To reiterate especially for Chatter163 - we all checked out the parking situation ahead of time as part of the overall planning for our trip.

The incident in question occured at 11:00 AM on a Thursday. My friends were looking to park from 11 AM until 6 PM at the latest, a max

of only 7 hours.

We had all looked up the three closest 'public' garages -

o Chestnut Street Garage

(4th & Chestnut Streets) "Facility is open for *general public parking * 5:00 AM to 11:00 PM, Monday thru Friday"

o Walnut St Garage

(215 Walnut Street)

Facility is open for monthly parkers, *the general public* and Hilton Hotel parking, 24 hours daily, 7 days a week

o 5th and Market Garage

(5th & Market Streets)

"Facility is open for *general public parking* 5:00 AM to 7:00 PM, Monday thru Friday"

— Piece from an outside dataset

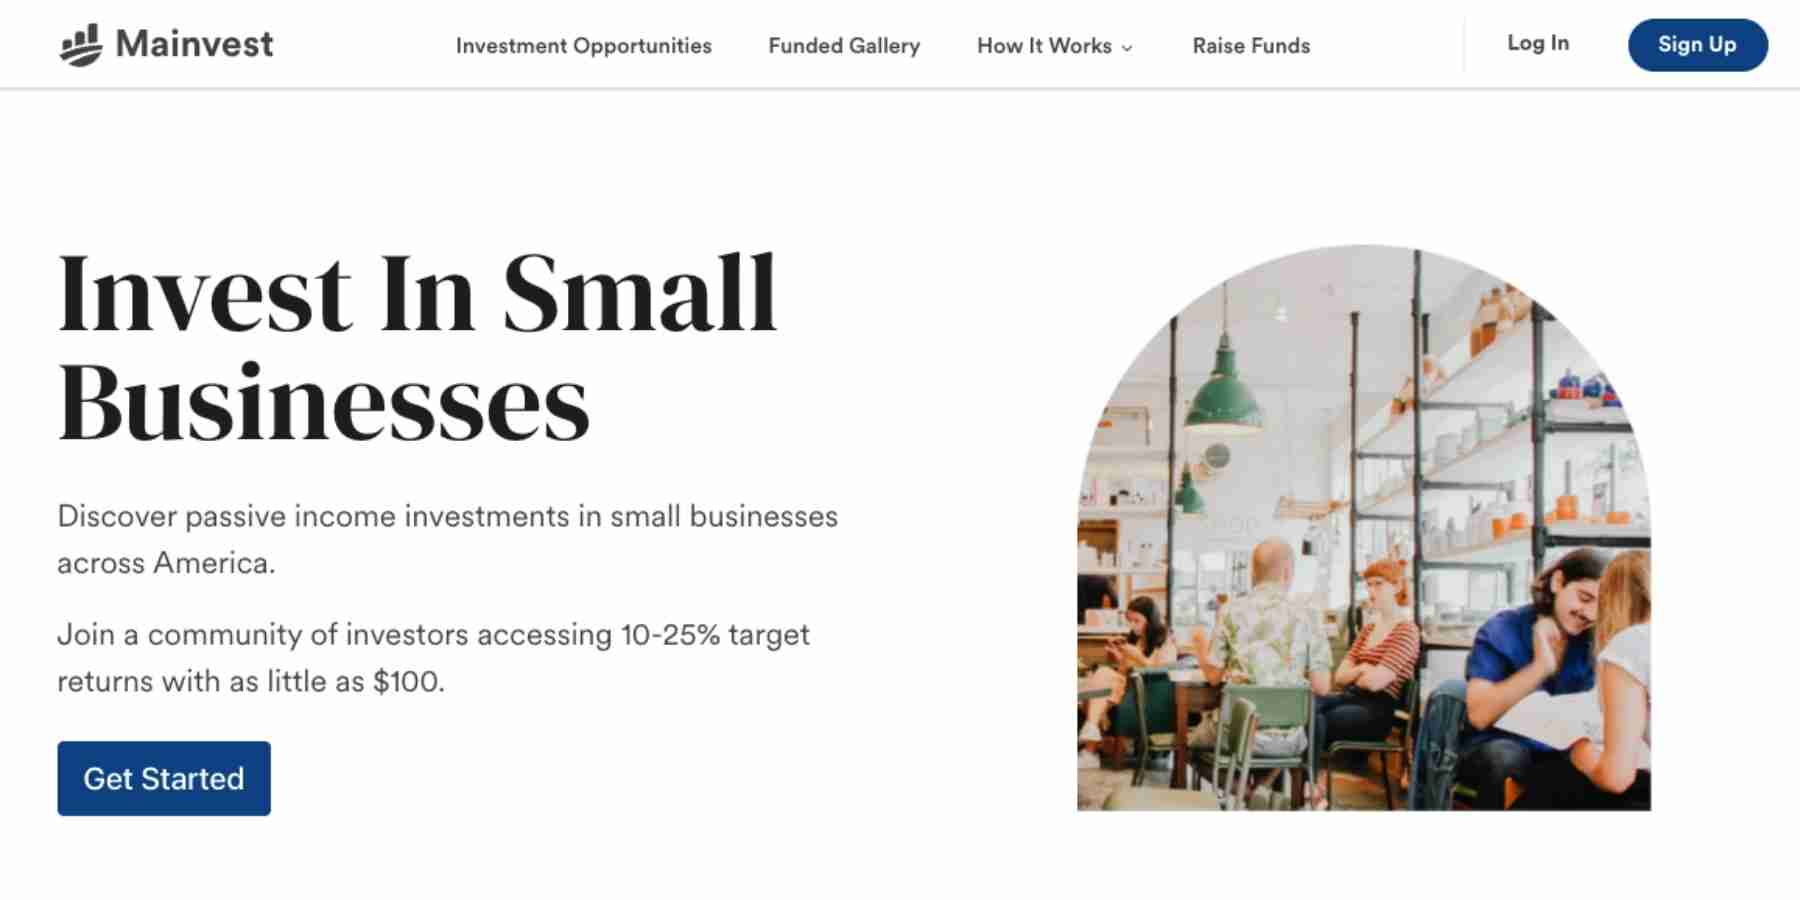 Invest in Small Businesses with Mainvest
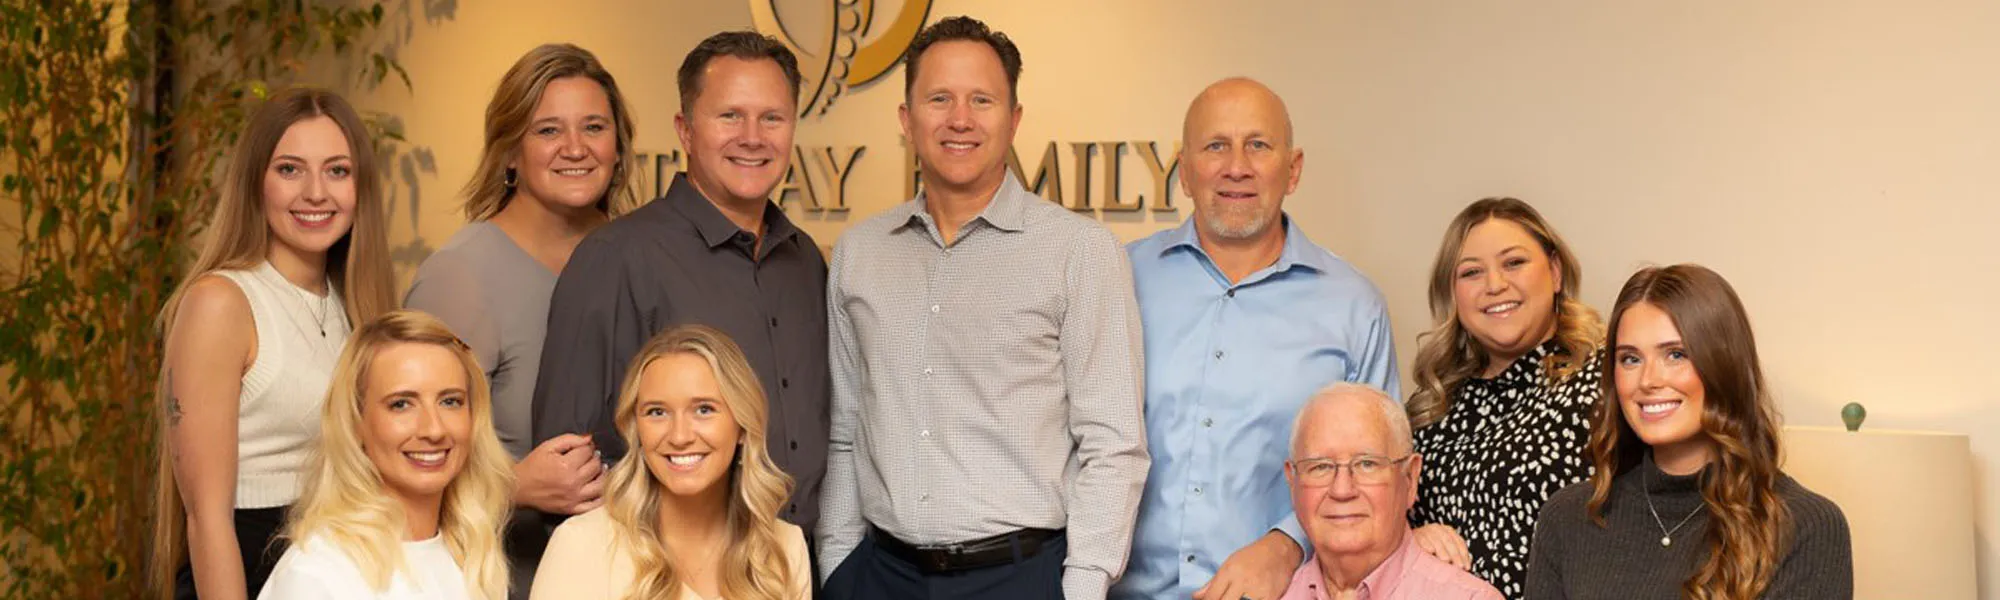 Chiropractor Loveland CO David And Michael Hughes With Team New Patient Special Offer

As I stated before, when they went to park there, the entrances were all blocked with signs stating they were only open

if you had a Monthly parking pass. Apparently all HPA facilities are open 7x24 for Monthly pass holders, but they were

supposed to be open for general public parking during the day time hours.


----------



## Guest_John_* (Apr 9, 2008)

Folks, as the one poster mentioned, this is Pennsylvania. I moved to Florida in 1984 and they were working on US 322 construction into Harrisburg. I moved back to PA in '99 and they were just completing it. C'mon, this state still requires annual auto inspections! No, parking is a problem and they haven't begun to think about how to fix it. Check back about 2025... In the meantime, pick your poison to New York: Fly through Philly, drive and get stuck at the tunnels/bridges, catch a bus (does anyone actually do that!?) or ride the choo-choo...


----------



## Green Maned Lion (Apr 10, 2008)

Take a train to New York, take a Taxi from the station. Thats how I'd do it.


----------



## MOM-MOM,C (Aug 8, 2009)

Help! My husband needs to move back to Williamsport, PA and every two weeks I need to be down in Gaston county, NC. How do I find out about prices, so I can compare which options are best; driving, train or flying occasionally. How do I find out about Amtrak?

Thanks

Mom-mom,C

P.S. TOTALLY AGREE WITH Guest_John_* . Love our friends and family in PA, but feel like I'm going back to the dark ages!


----------



## RTOlson (Aug 8, 2009)

First, welcome to the board. I'm sure we would all be willing to help you, but please know that this discussion is over a year old. In the future, it may be best to start a new discussion for your question.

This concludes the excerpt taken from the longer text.